Я ощущаю его тяжелое дыхание на своей щеке и вижу самого себя в его остановившихся зрачках.
– Ошер, скажи мне правду! – говорит он, уставившись на меня так, что я не в силах выдержать его взгляда. – Что говорят обо мне в местечке?
Я опускаю глаза. Мне не хочется ему рассказывать, что многие проклинают его, что многие надеются дожить до той счастливой минуты, когда по нему будут справлять траурную седьмицу.
– Ругают меня, да?
– Ругают.
– Видишь ли… – Бечек шагает по комнате, затем, присев на подоконник, хватается обеими руками за раму, так что рукава его солдатской рубахи сползают и оголяют здоровенные волосатые руки. Ветер вздувает его гимнастерку, и председатель становится как бы шире. – Видишь ли… – повторяет он, глядя на крыши домишек, которые жмутся друг к другу, точно стадо овец, на пожарную каланчу, которая будто пририсована к этим синеватым домикам. – Понимаешь?.. – И он опять умолкает. В наступившей тишине слышно, как перекликаются лягушки в прудах, как стучит мельница и где-то далеко на станции кричит паровоз. – Понимаешь ли? Это вроде болезни… Такое вот бывало со мной… В Знаменке один бандит всадил мне пулю в ногу. Я ходить не мог. А когда доктор положил меня на стол и стал резать, я ругал его так, что слышно было в Фастове. Потом я даже стукнул его. А доктор не обиделся и делал свое дело… И я выздоровел… Одним словом, Ошер, я буду поступать, как тот доктор. И они перестанут хромать, – говорит он, показывая на спящее местечко. – И твой паренек тоже… Как его зовут?
– Сролик.
– И Сролик тоже перестанет страдать.
То ли потому, что лампа начала гаснуть и пламя стало приплясывать, наполняя комнату тенями, то ли потому, что какая-то птичка шелохнулась в кустах, но Бечек вдруг спрыгнул с подоконника и оборвал свою речь.

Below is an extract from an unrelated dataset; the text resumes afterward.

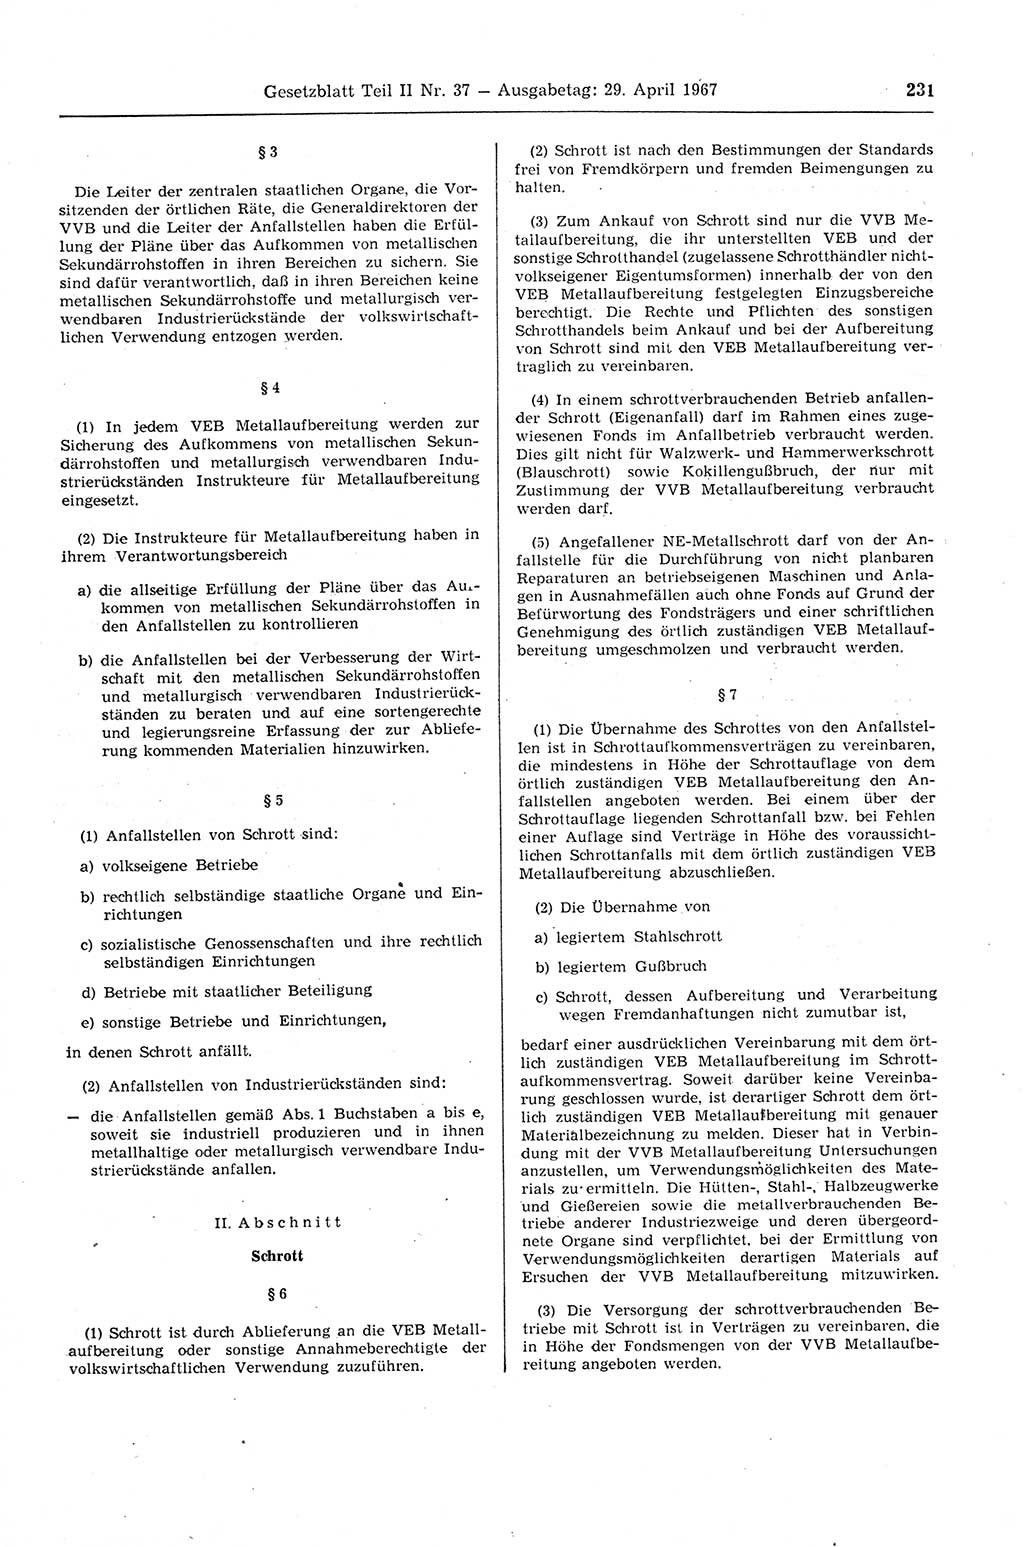 Gesetzblatt (GBl.) der Deutschen Demokratischen Republik (DDR) Teil ⅠⅠ 1967, Seite 231 (GBl. DDR ⅠⅠ 1967, S. 231)

– Да что мы тут болтаем? – вскрикнул он и принялся надевать пиджак. – Ведь уж скоро день! Беги, да не болтай! Про налоги – молчок! Счастливого пути!
МОЙ ТОВАРИЩ СРОЛИК
Бечек сказал – молчок, я и молчу. Только так, между прочим, рассказал я в классе, что целую ночь просидел с председателем Совета. Рахили я заявил, что очень занят и не успеваю выспаться от всяких заседаний. Про налоги я, однако, никому ничего не говорил, сказал лишь словечко Сролику.
Сролик, по обыкновению, сидел на уроке, подперев руками голову, и слушал, что говорит учитель. После урока он спросил меня, почему я все время гляжу на него и что особенного я в нем нашел.
Тогда я отозвал его в угол и все рассказал. Сообщил ему, что больше лавочников у нас не будет и что все-все, так сказал председатель, будут равны.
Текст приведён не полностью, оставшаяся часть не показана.